Tipperary has scattered more sons and daughters across the world than any one county has reasonable claim to. Thomas MacDonagh, one of the seven signatories of the 1916 Proclamation, was born here. So was Dan Breen, the IRA volunteer turned Dáil deputy. Laurence Sterne, author of Tristram Shandy, was born in Clonmel in 1713. Shane MacGowan of the Pogues, the Clancy Brothers, the singer Una Healy, the actor Kerry Condon - all Tipperary. So was Adi Roche, founder of Chernobyl Children International. Daniel Hough, an Irish soldier from the county, is officially recorded as the first man to die in the American Civil War, accidentally killed by a misfiring cannon at Fort Sumter. From the Premier County, in other words, the long way back is never quite as long as the song suggests.
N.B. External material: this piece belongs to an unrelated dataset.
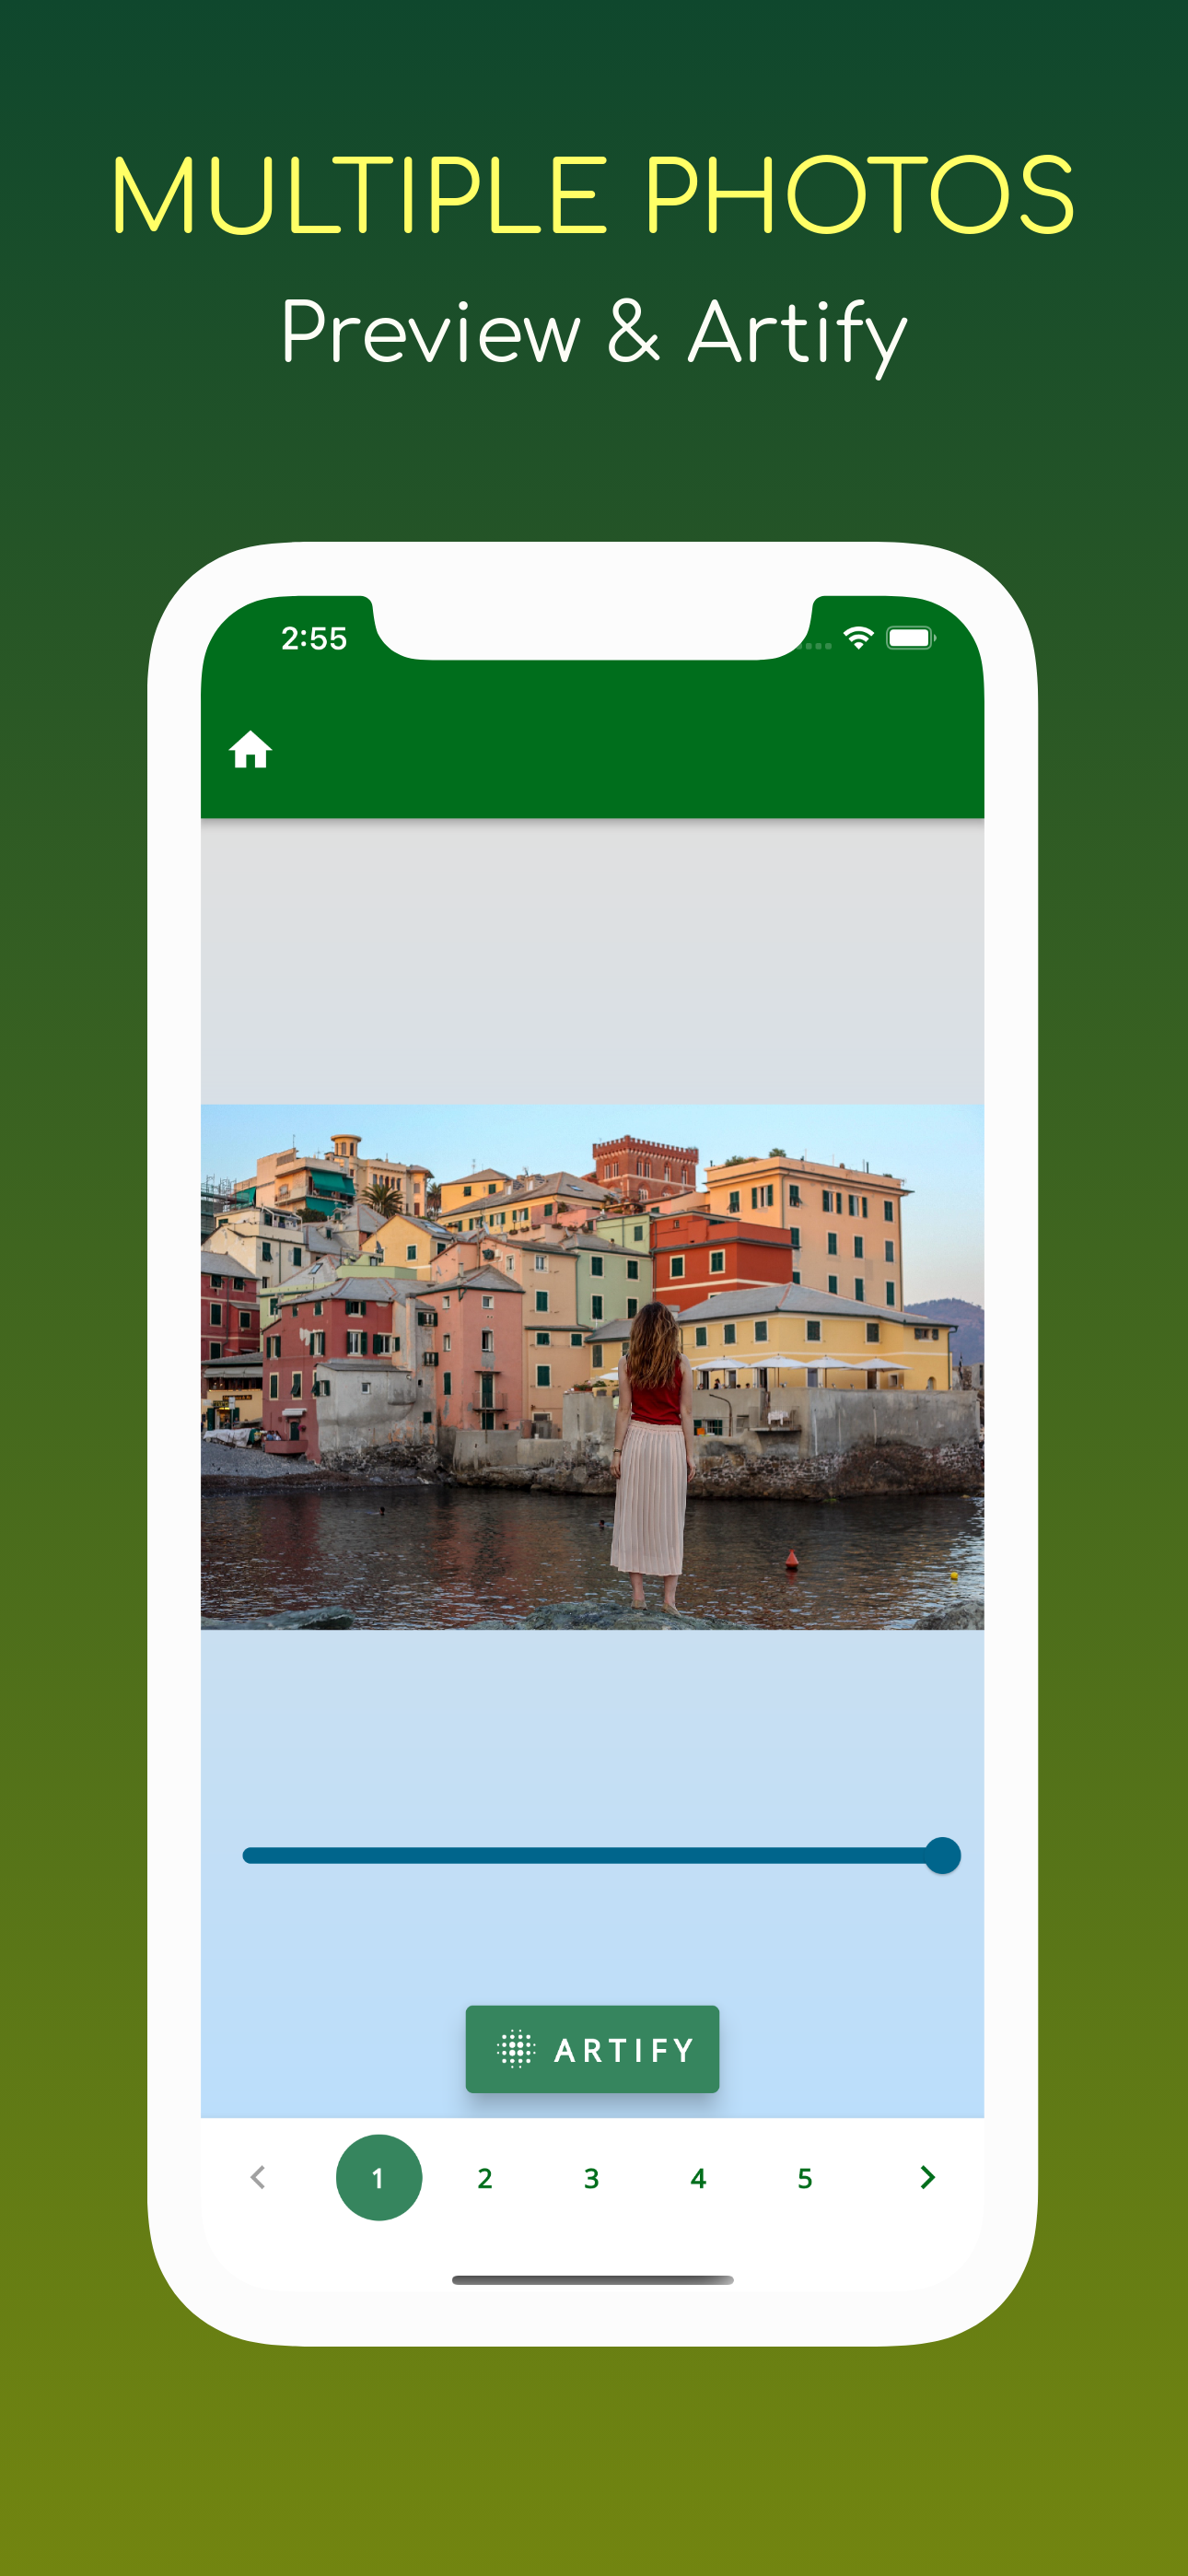 Multiple Photos Mode - Preview & Artify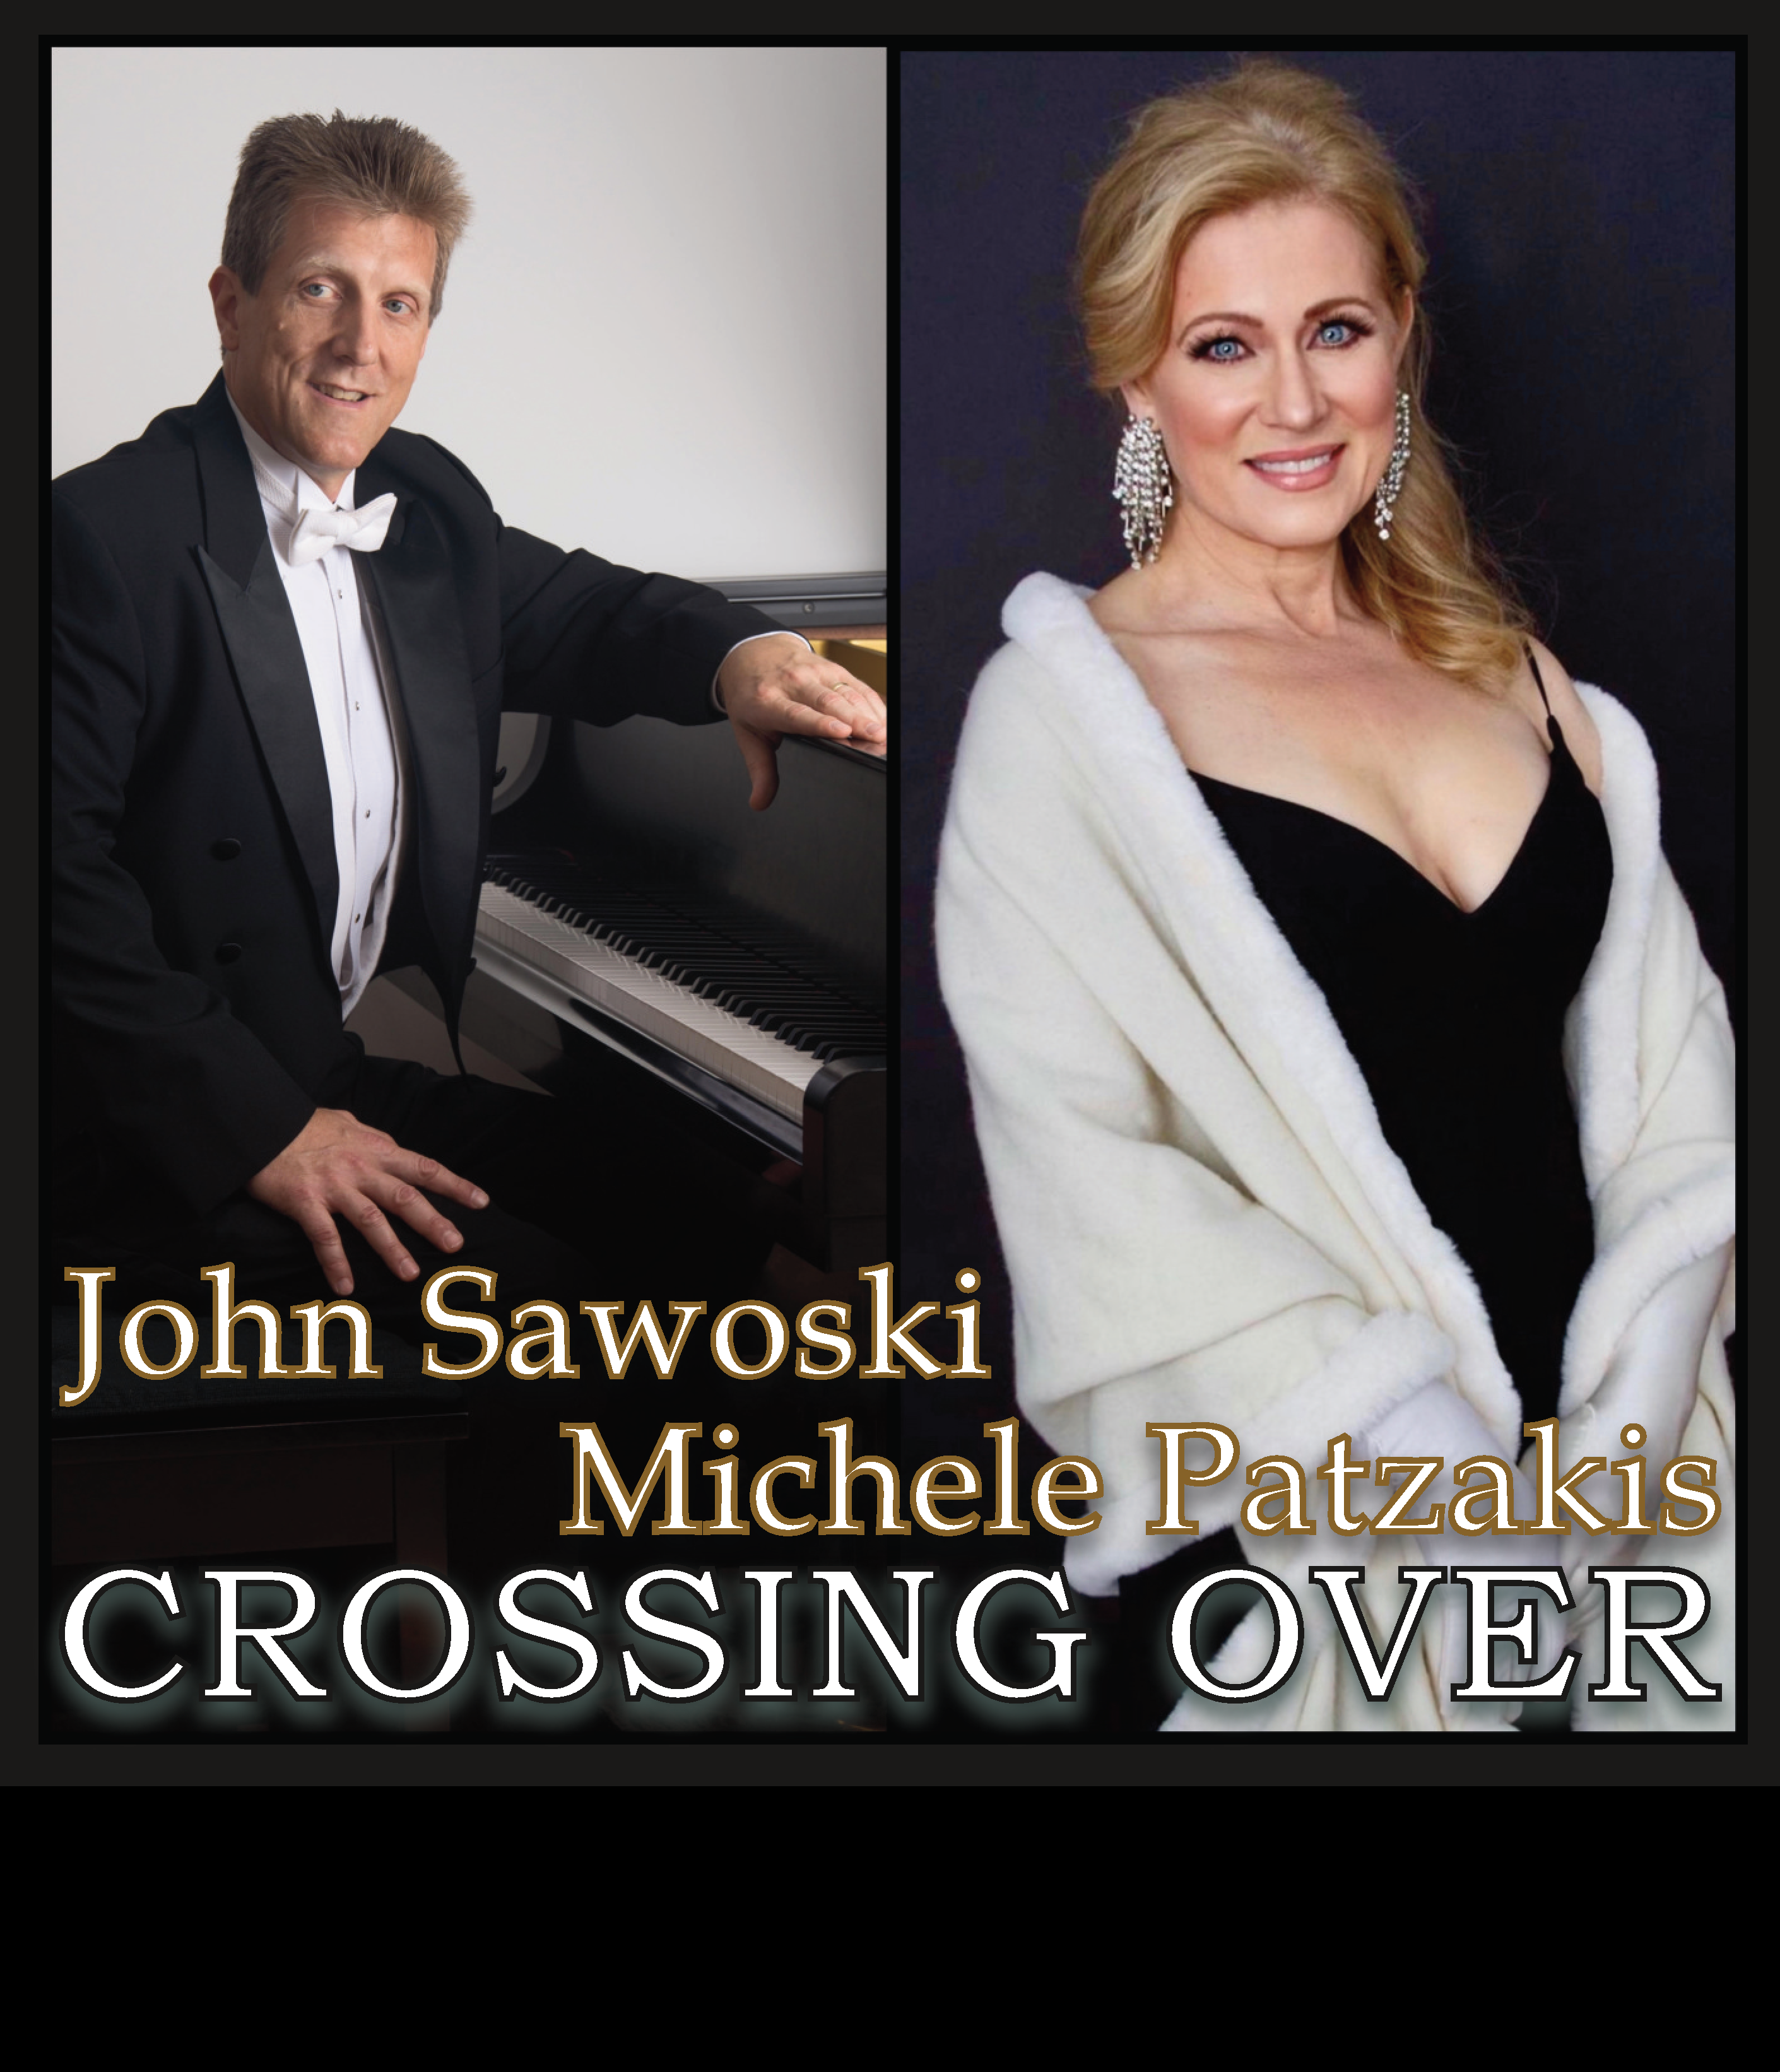 Michele Patzakis and John Sawoski’s New EP “Crossing Over” Released

County Tipperary covers Ireland's south-central interior, roughly between 52.3°N and 53.2°N, 7.5°W to 8.4°W. From cruising altitude, look for the broad green Golden Vale running south-west to north-east, bounded by the Galtees and Knockmealdowns on the south, the Slieve Bloom and Devil's Bit on the north. The Suir threads through the middle. Two motorways - the M7 across the north, the M8 down the centre - are visible reference lines. Nearest airports: Shannon (EINN) on the Limerick border to the north-west, Cork (EICK) to the south, Waterford (EIWF) just outside the south-eastern corner. No coast; this is Ireland's largest landlocked county.